§ **Required work**:
Copy each line, word for word, from the one with "Catwoman PNG Image" through the final line of the listing, but skip the pictures.

§ **Dataset excerpt**:
----

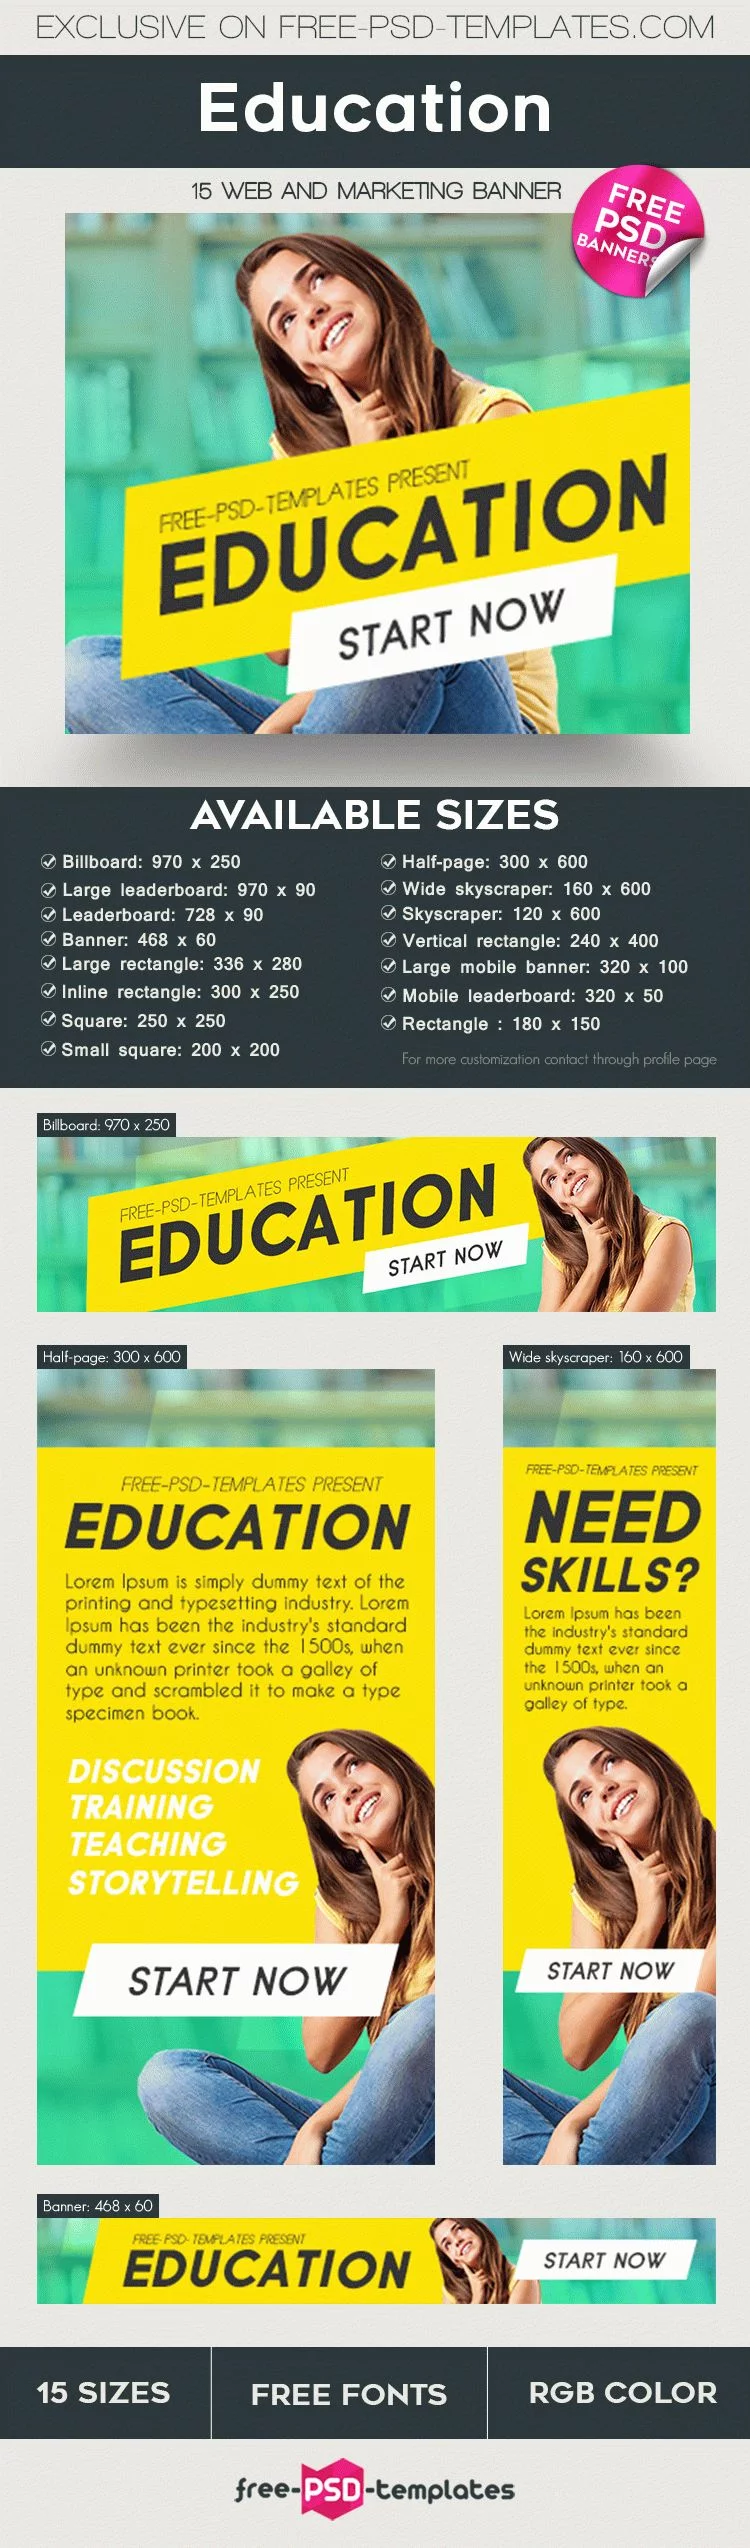 15 Free Education Banners Collection in PSD
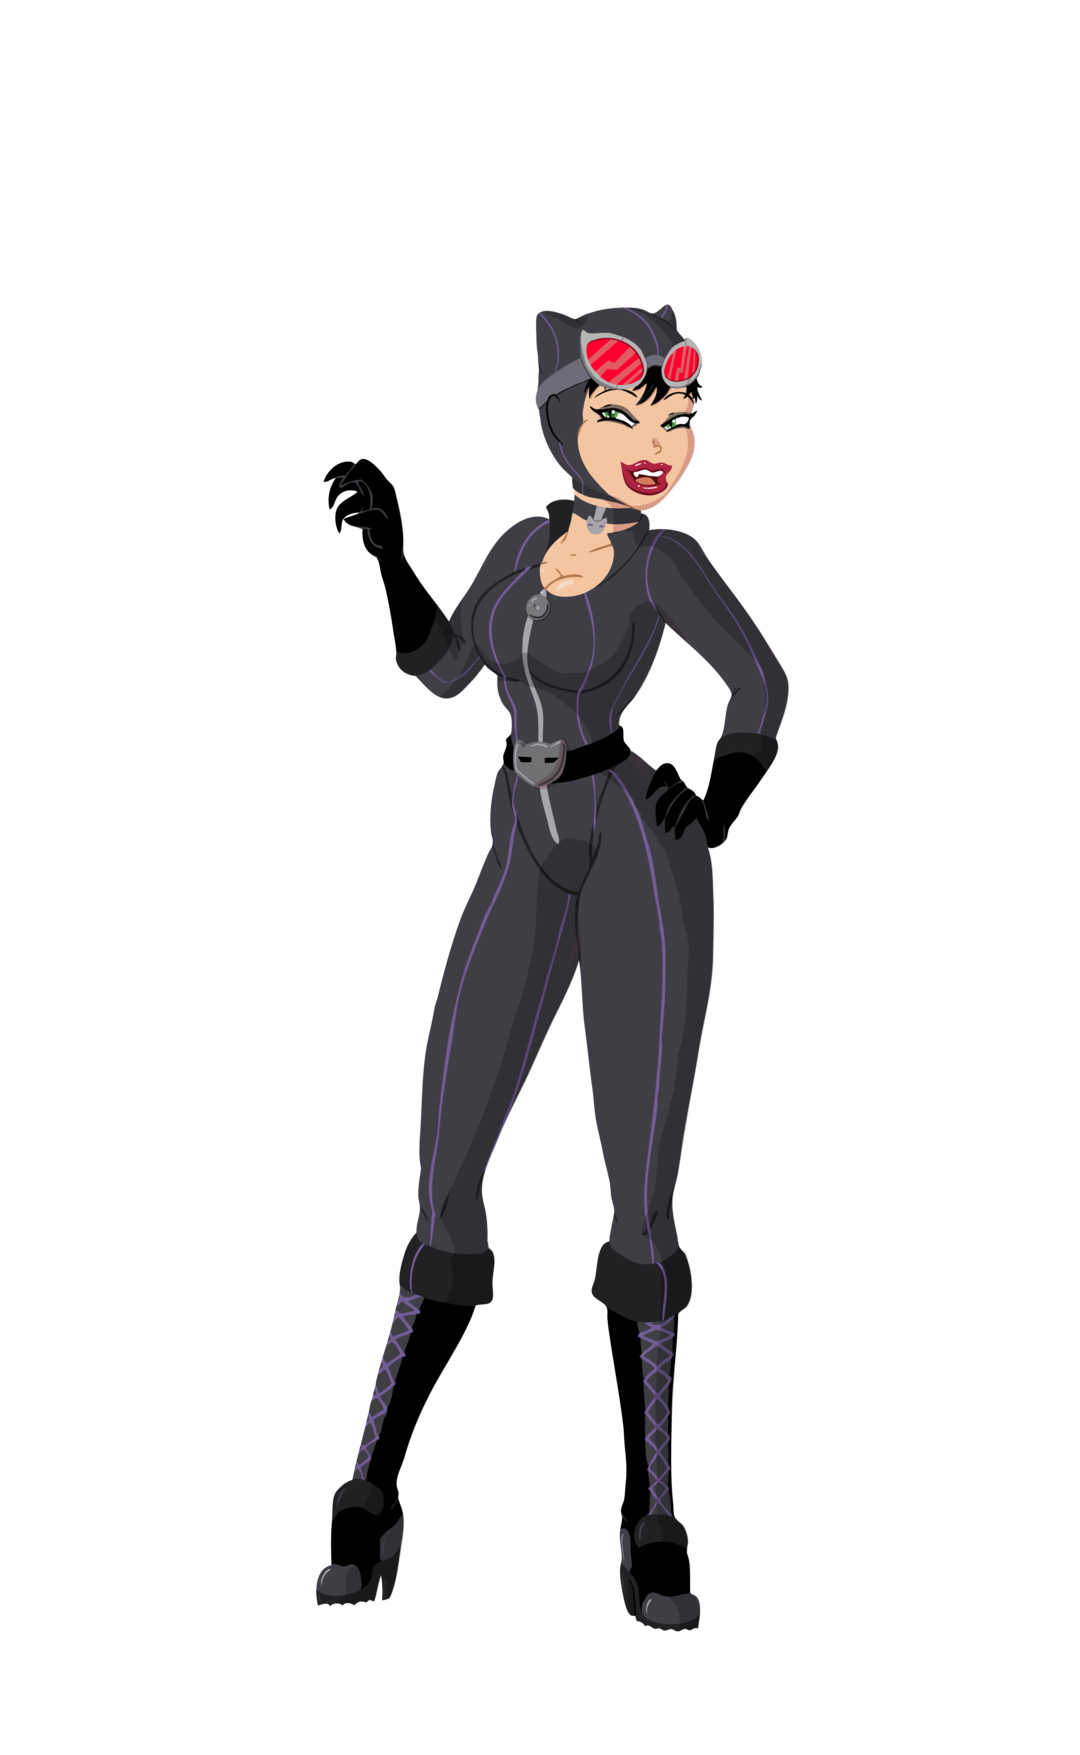 Catwoman PNG Image in High Definition pngteam.com
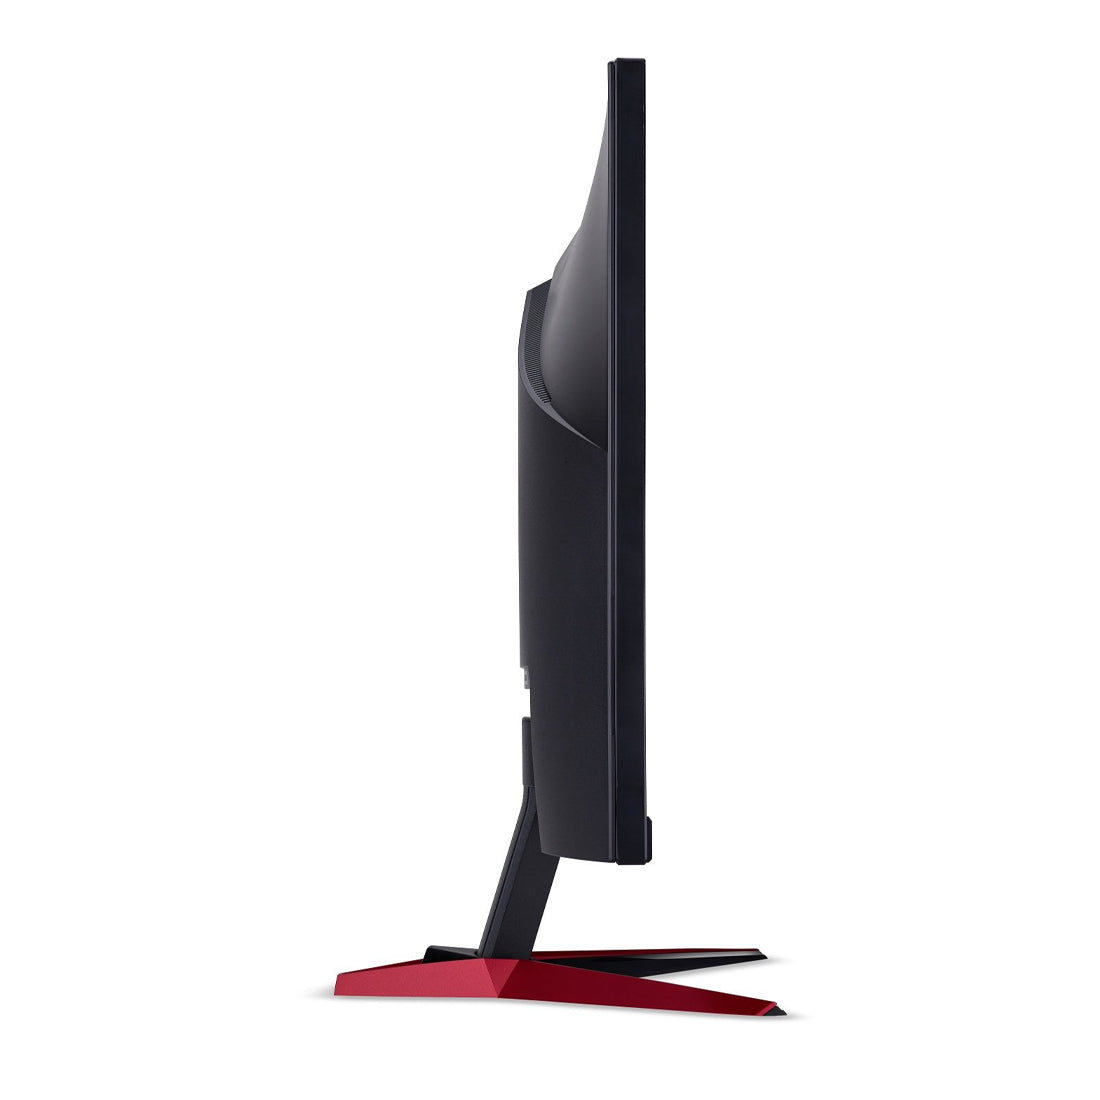 [RePacked] Acer VG240Y 24-Inch Full HD IPS Monitor with 1ms Response Time and Dual 2W Speakers

----

§ **Your response**:
 Catwoman PNG Image in High Definition pngteam.com
 [RePacked] Acer VG240Y 24-Inch Full HD IPS Monitor with 1ms Response Time and Dual 2W Speakers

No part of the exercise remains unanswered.